→ COLLECTED DATA
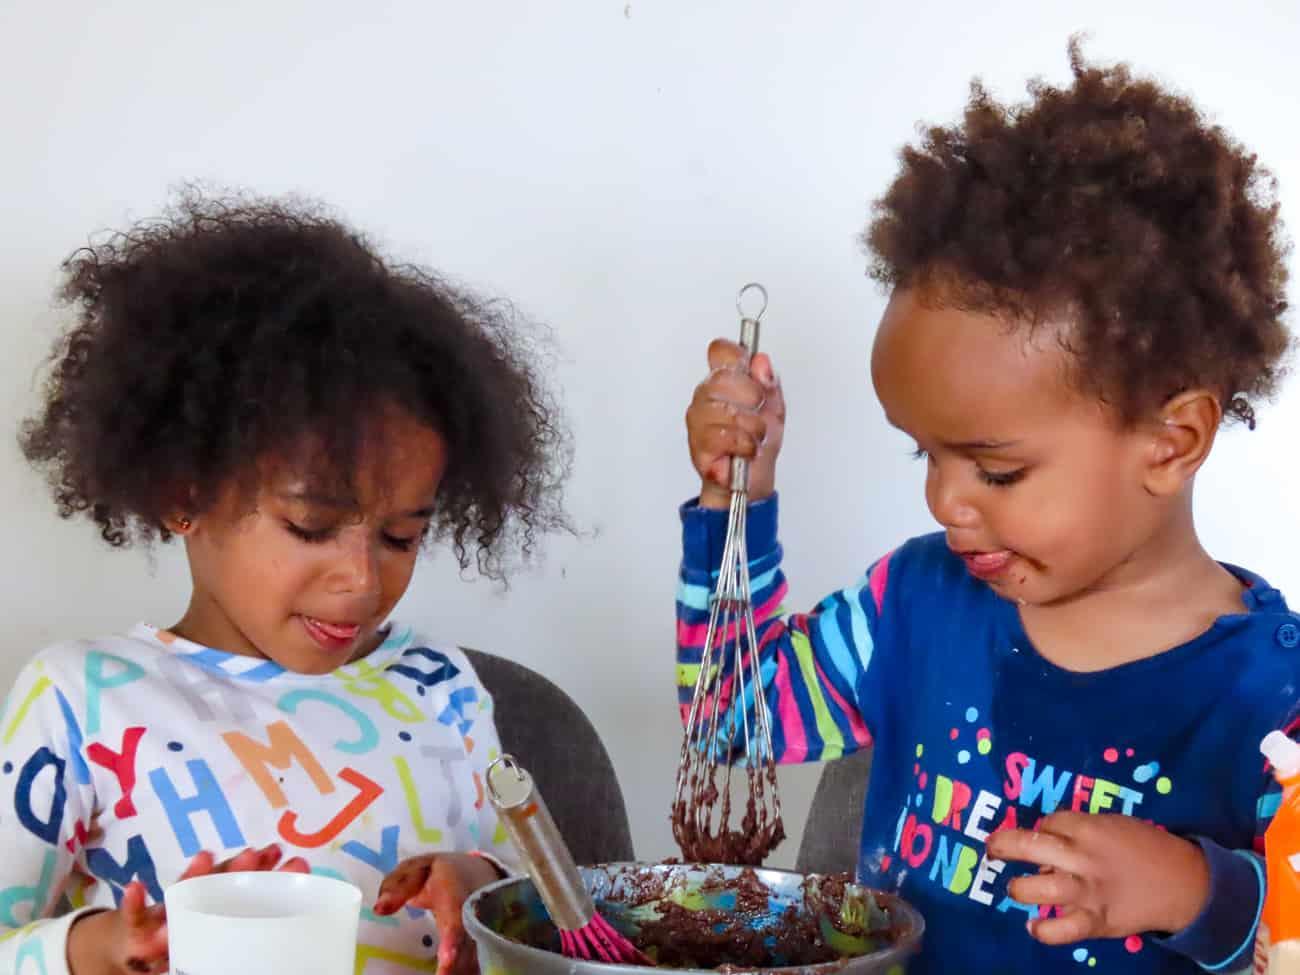 cuisiner-avec-enfants-recettes-42
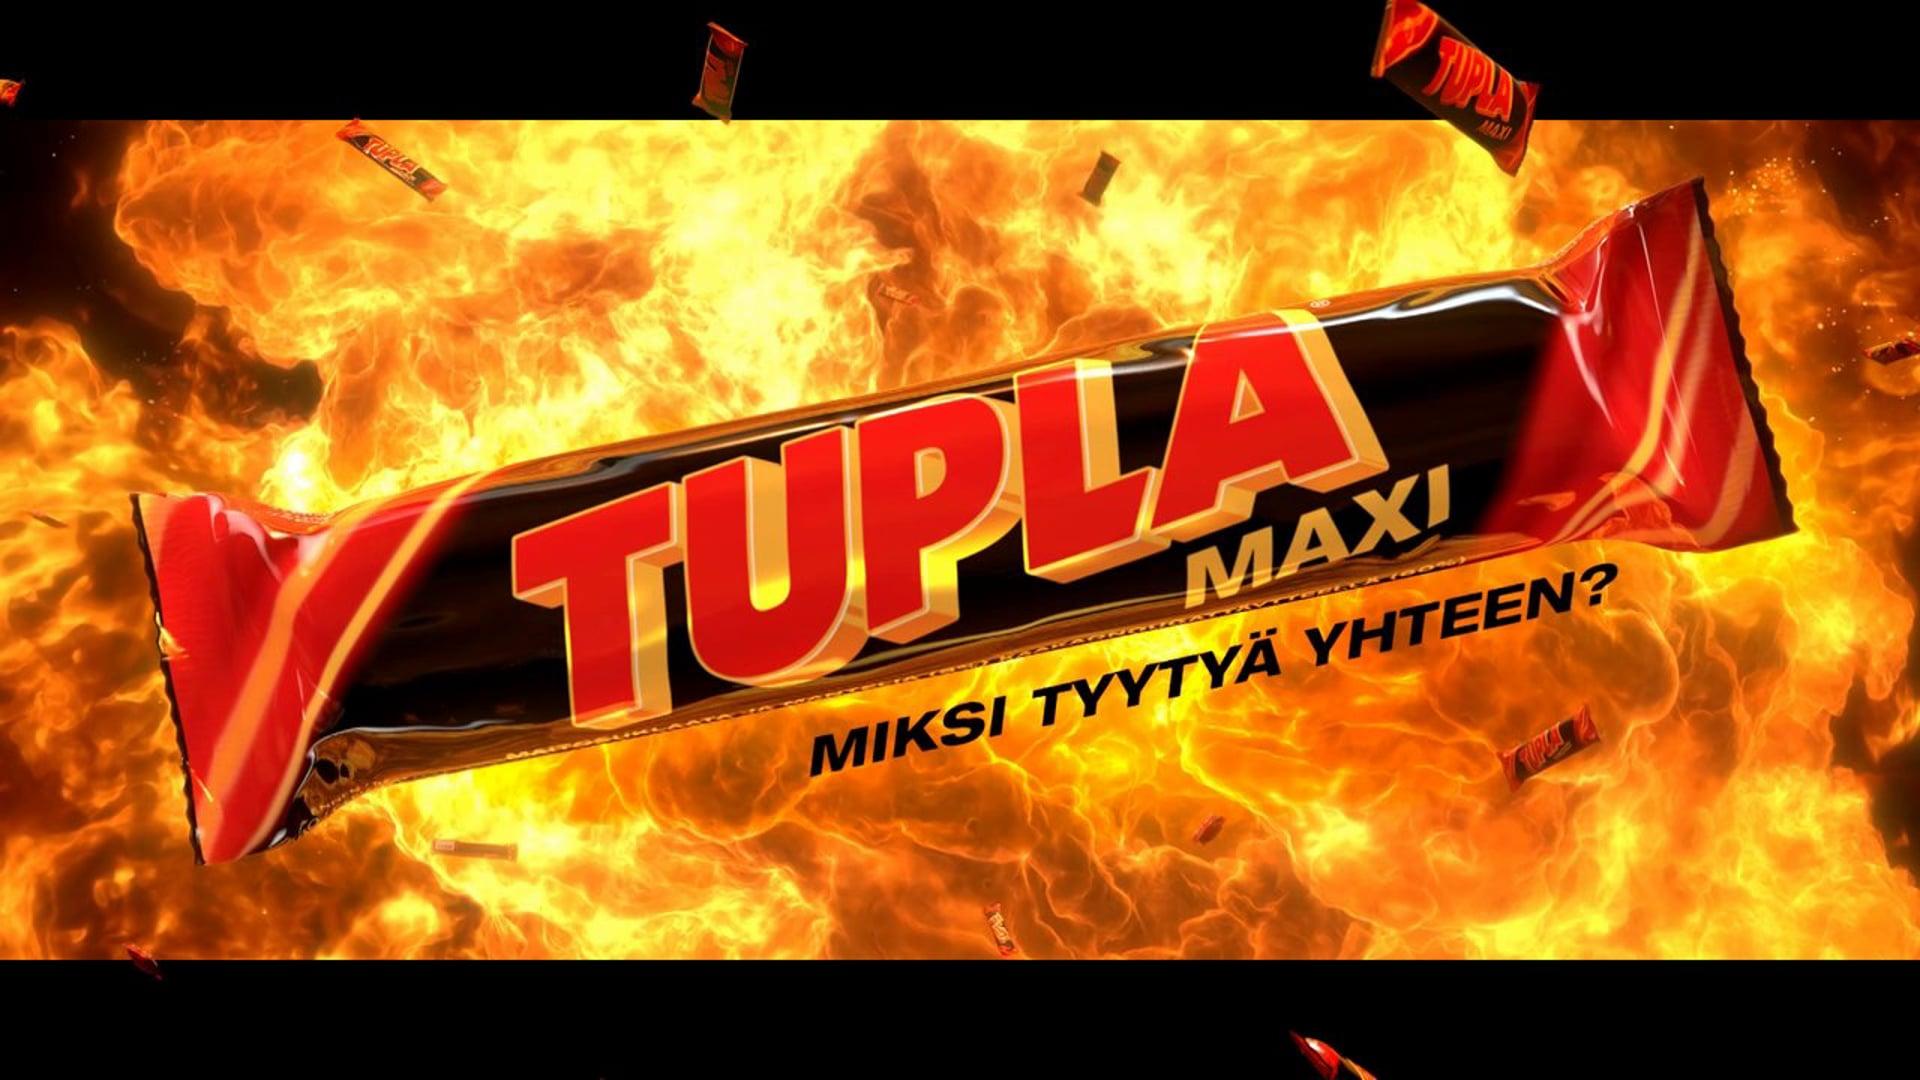 Tupla - Explosion
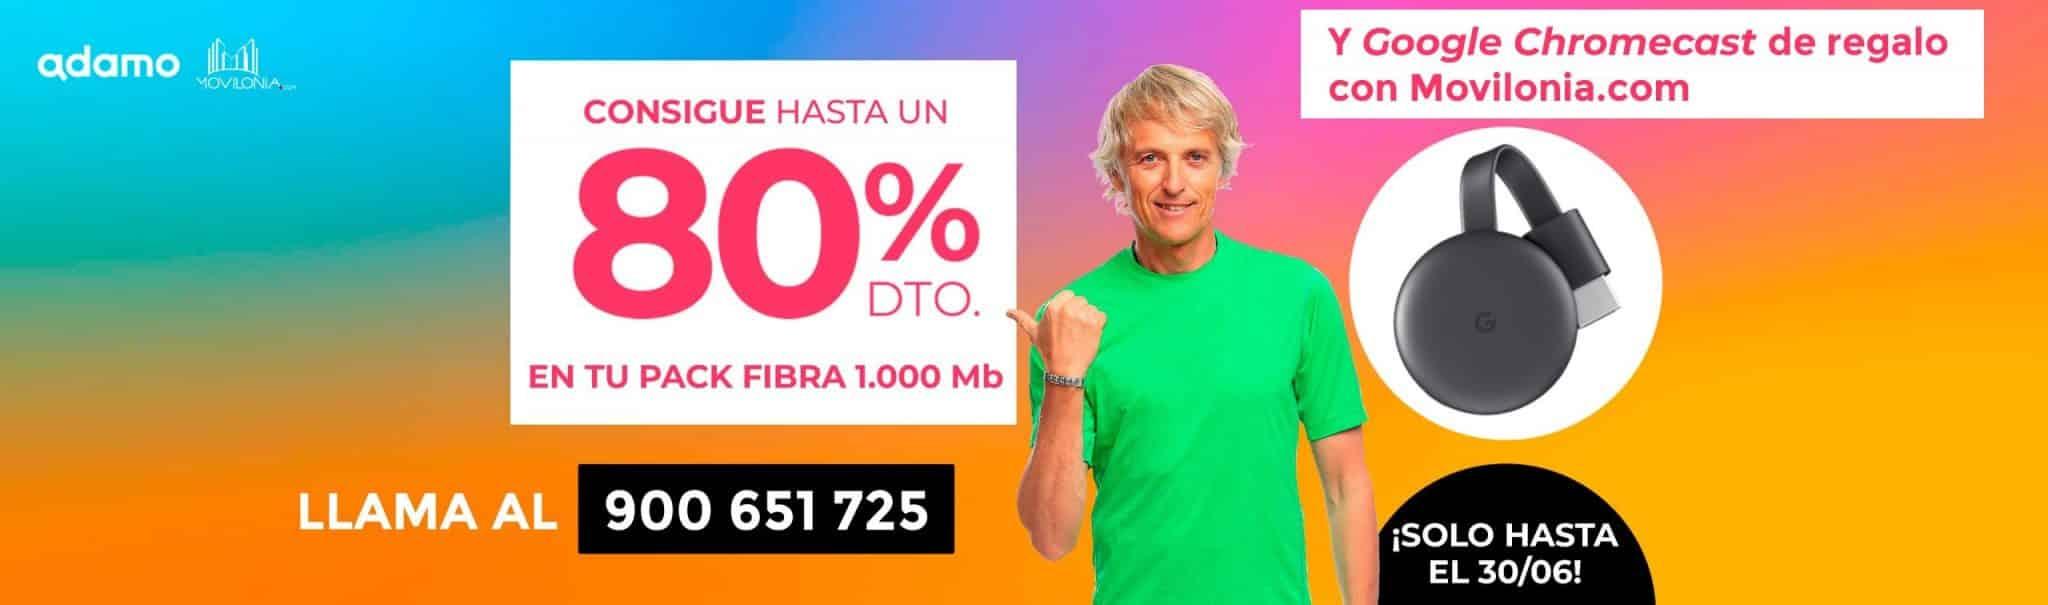 oferta especial Adamo Movilonia.com

→ HOW TO COMPLETE THIS TASK
The expected output is every line of the data, unchanged, with the pictures skipped.

→ EXERCISE SOLUTION
 cuisiner-avec-enfants-recettes-42
 Tupla - Explosion
 oferta especial Adamo Movilonia.com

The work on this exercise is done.